What is required:
Output exactly the lines below, starting with the line that has "Single Family Home" and going on through the line that has "Xanes B05 Smartwatch", both included, and no other lines.
------ Provided data
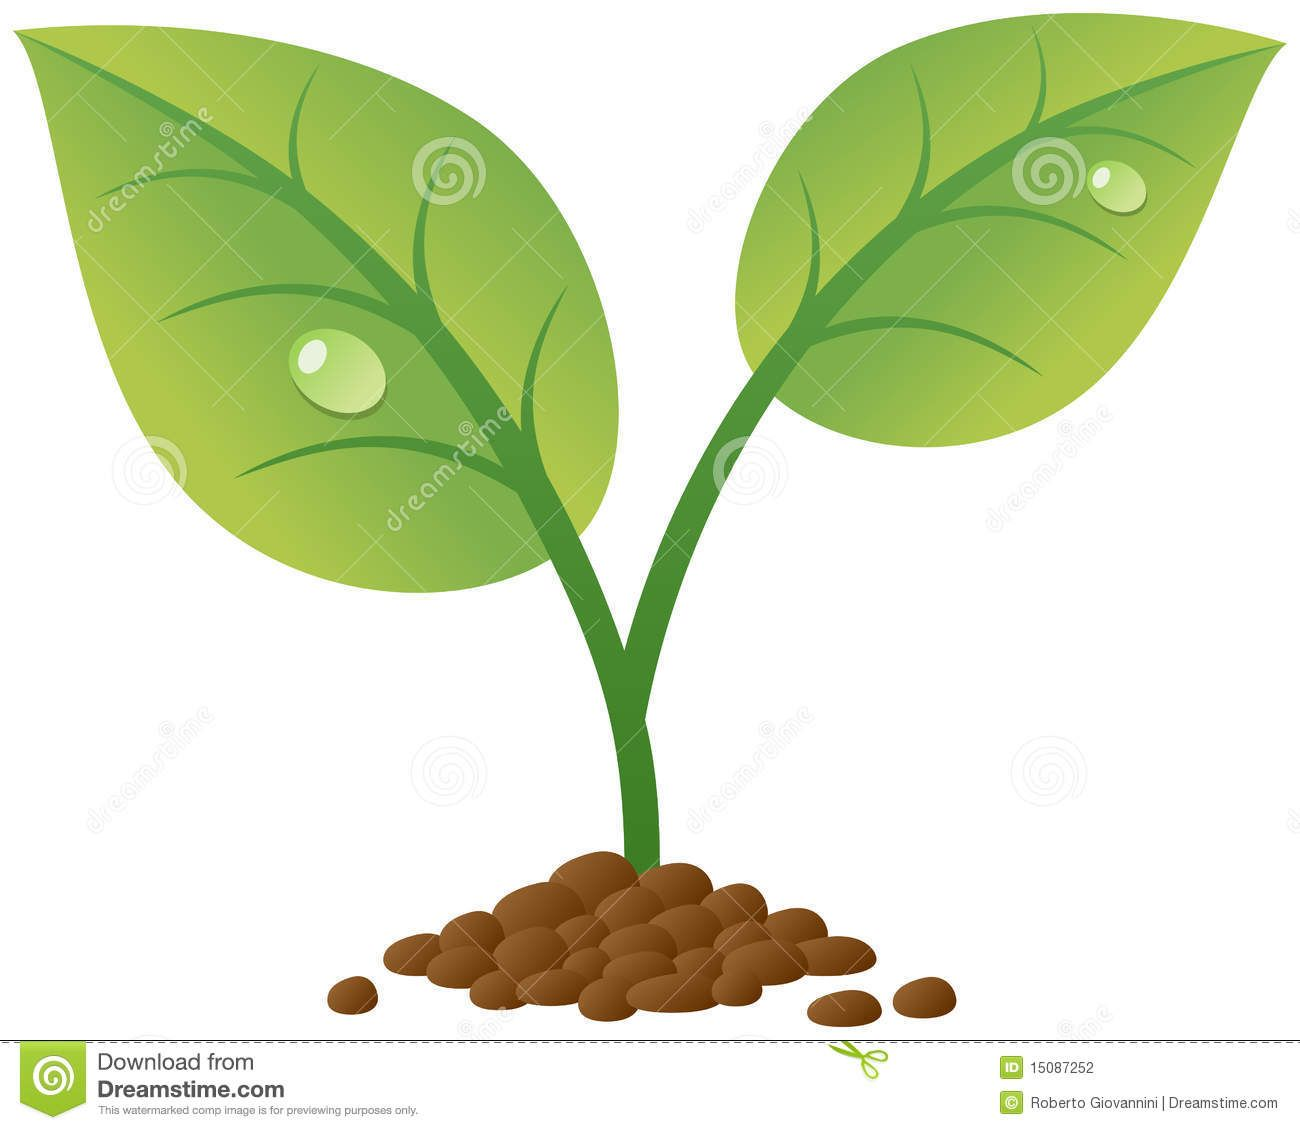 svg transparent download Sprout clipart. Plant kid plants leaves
------------
------ Provided data
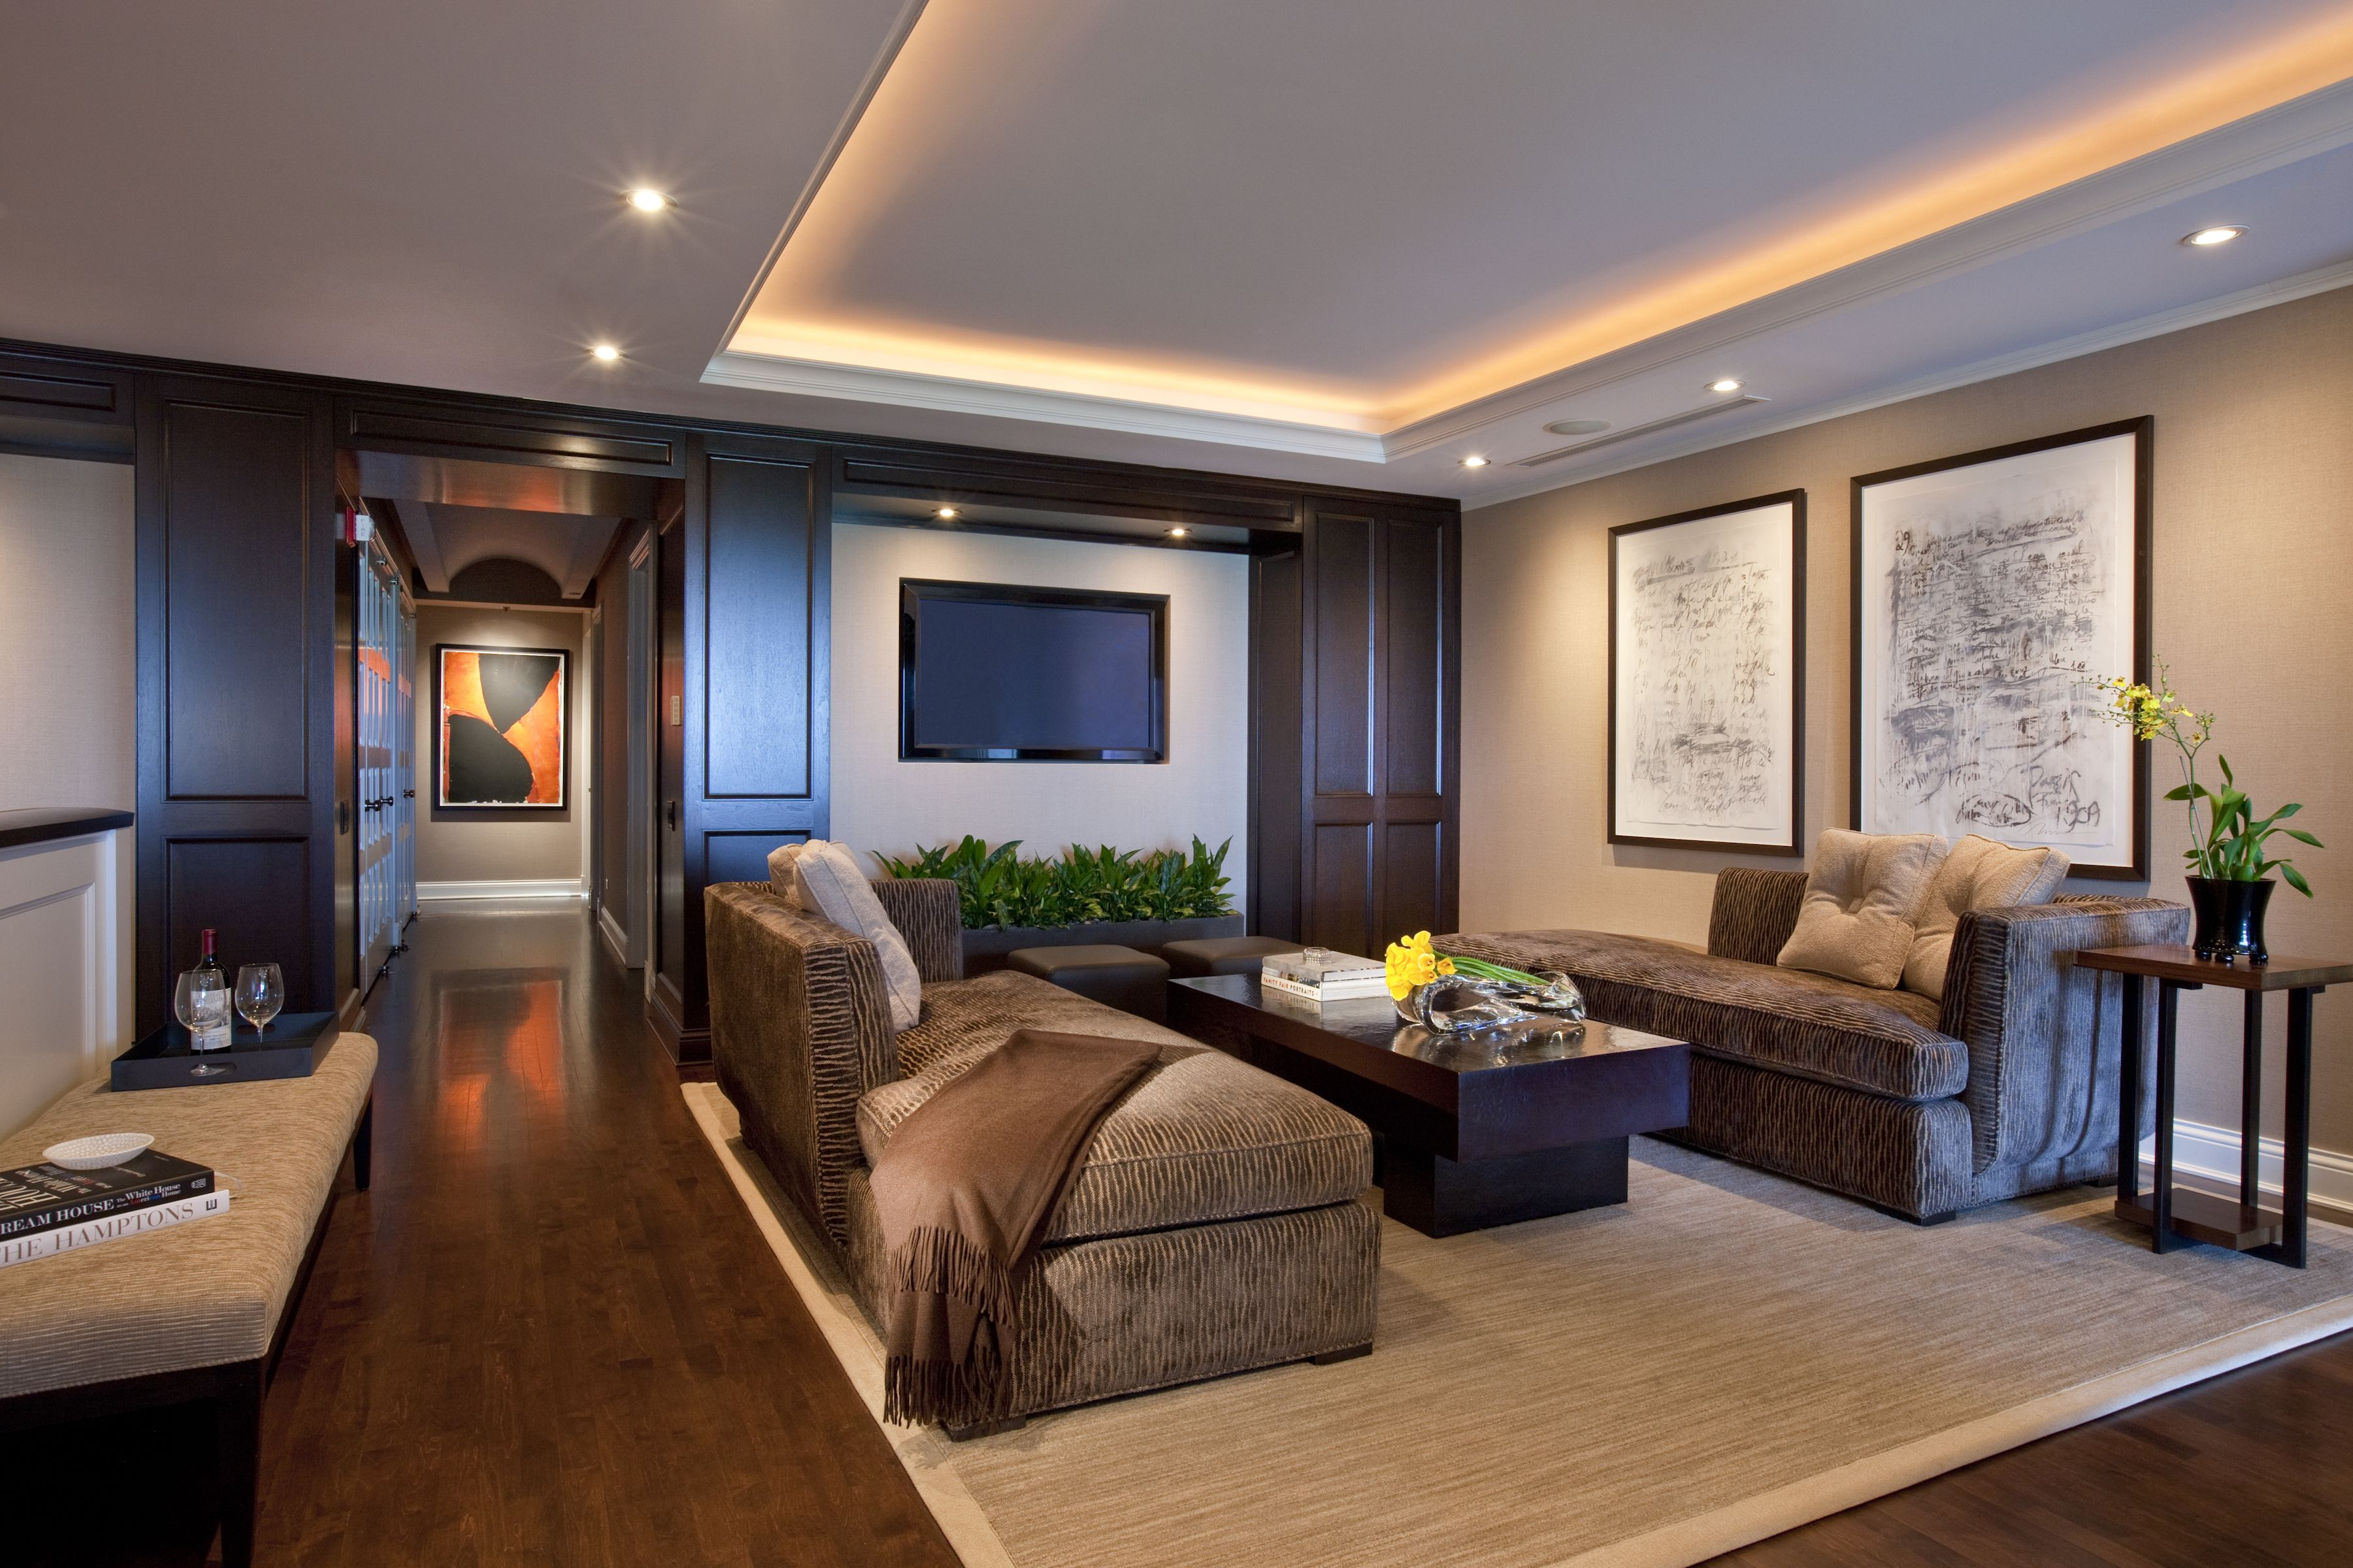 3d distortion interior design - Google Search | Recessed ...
------------
------ Provided data
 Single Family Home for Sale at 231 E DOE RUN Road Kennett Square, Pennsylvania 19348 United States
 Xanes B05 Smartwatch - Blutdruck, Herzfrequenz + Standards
------------
Reply to the task:
 Single Family Home for Sale at 231 E DOE RUN Road Kennett Square, Pennsylvania 19348 United States
 Xanes B05 Smartwatch - Blutdruck, Herzfrequenz + Standards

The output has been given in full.